Set the images aside and retype the whole listing exactly.

> **Dataset section**:
------------------------------------------------------------
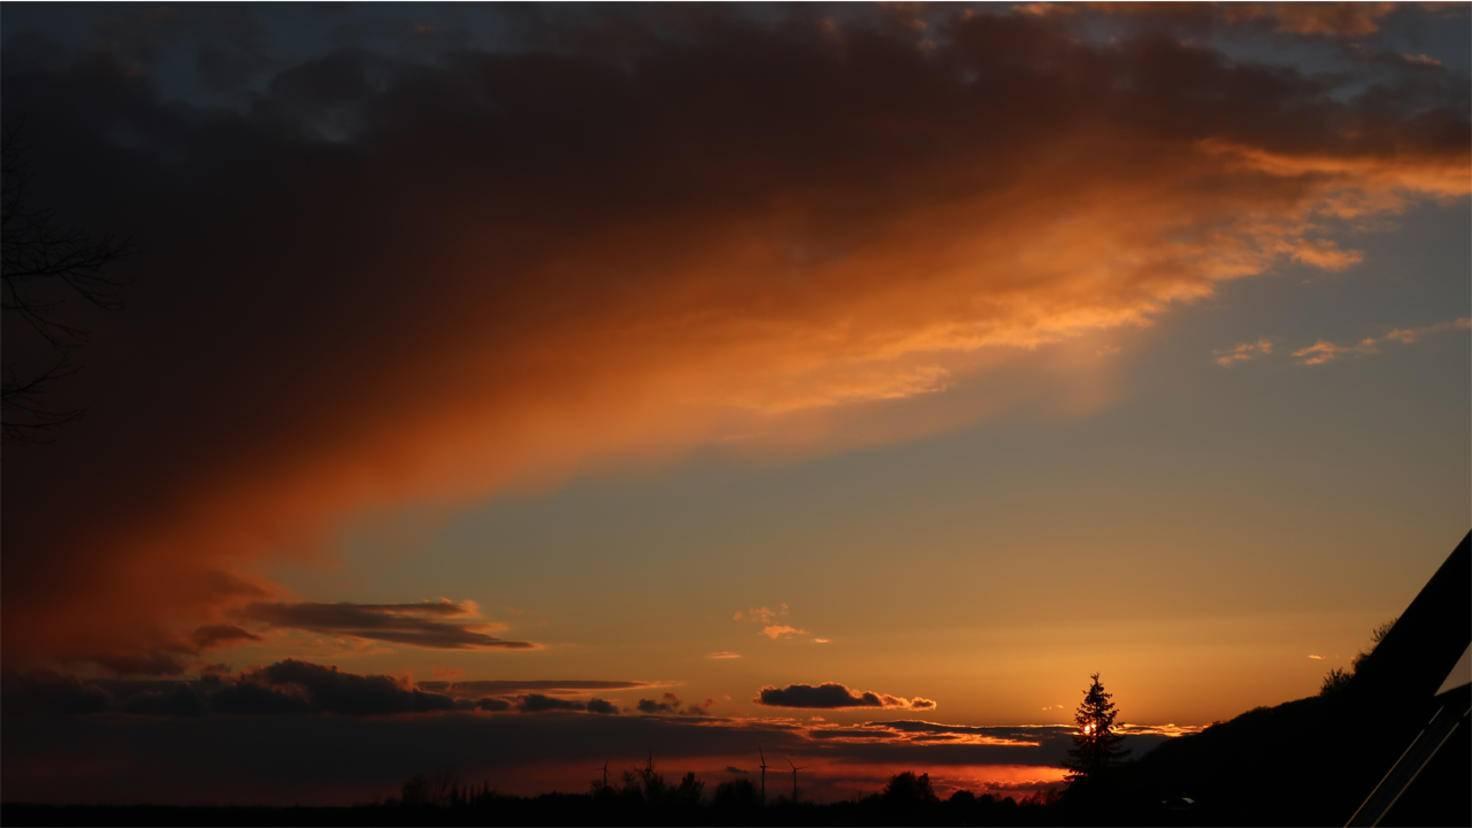 Eindrucksvolle Aufnahmen vom Sonnenuntergang sind kein Problem.
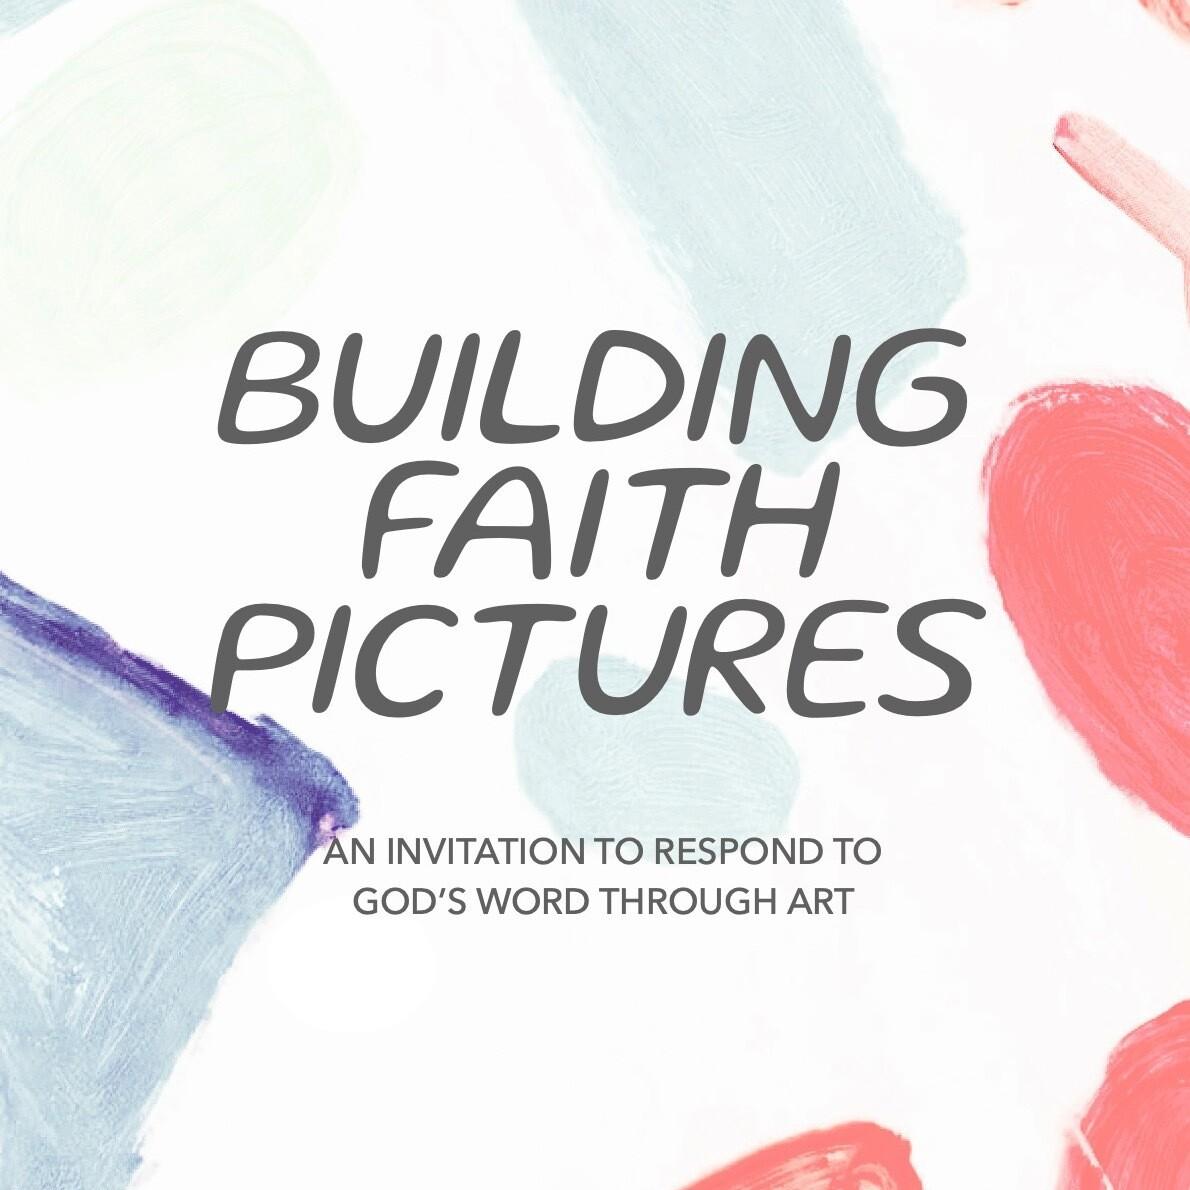 Building Faith Pictures
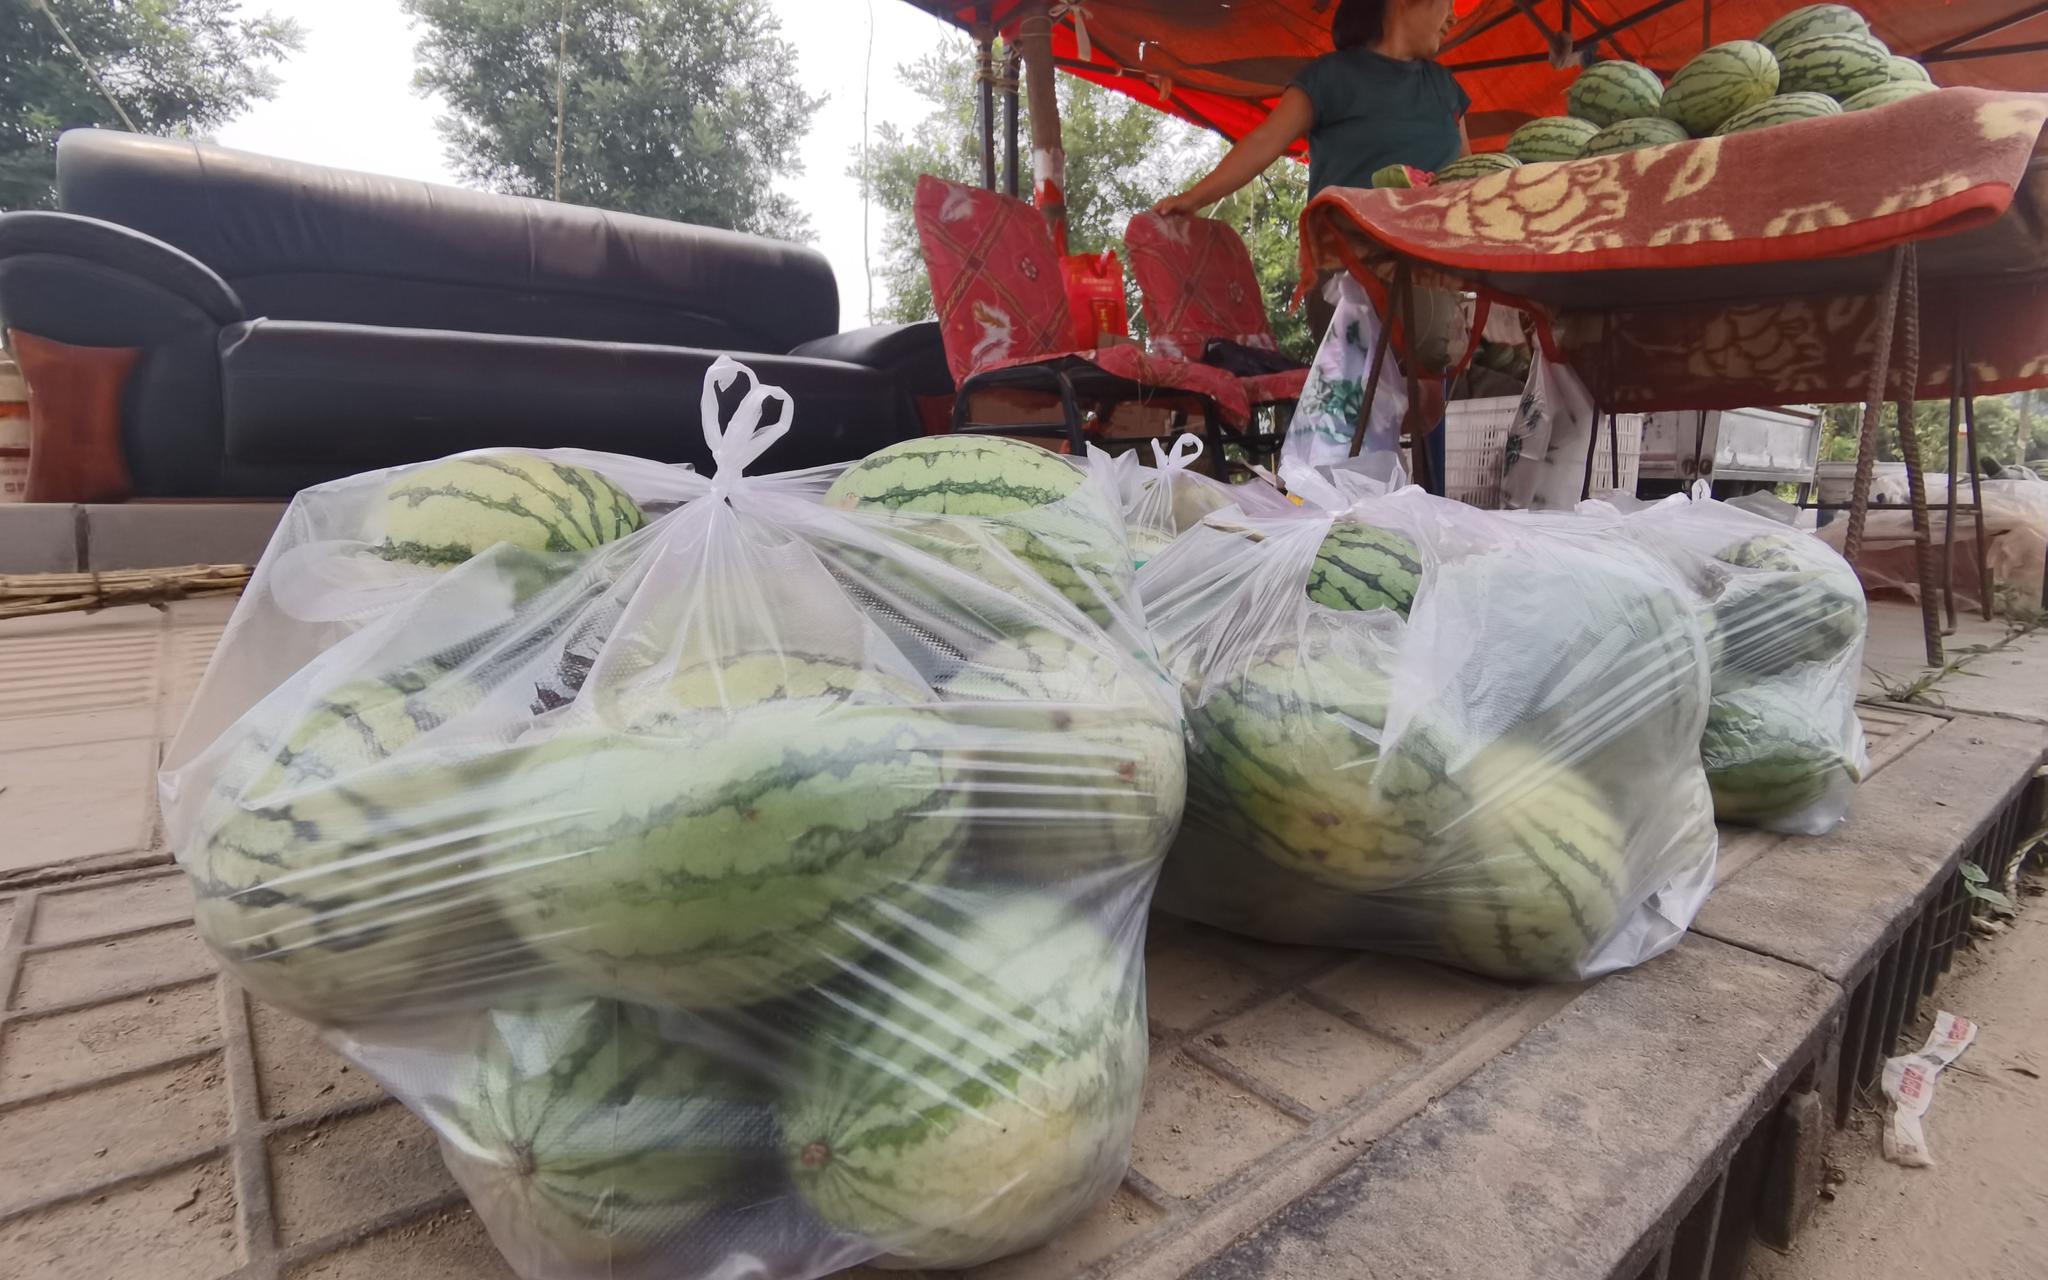 已经被客户订出的西瓜装好了袋子。新京报记者 王颖 摄
------------------------------------------------------------
> **Result of this task**:
 Eindrucksvolle Aufnahmen vom Sonnenuntergang sind kein Problem.
 Building Faith Pictures
 已经被客户订出的西瓜装好了袋子。新京报记者 王颖 摄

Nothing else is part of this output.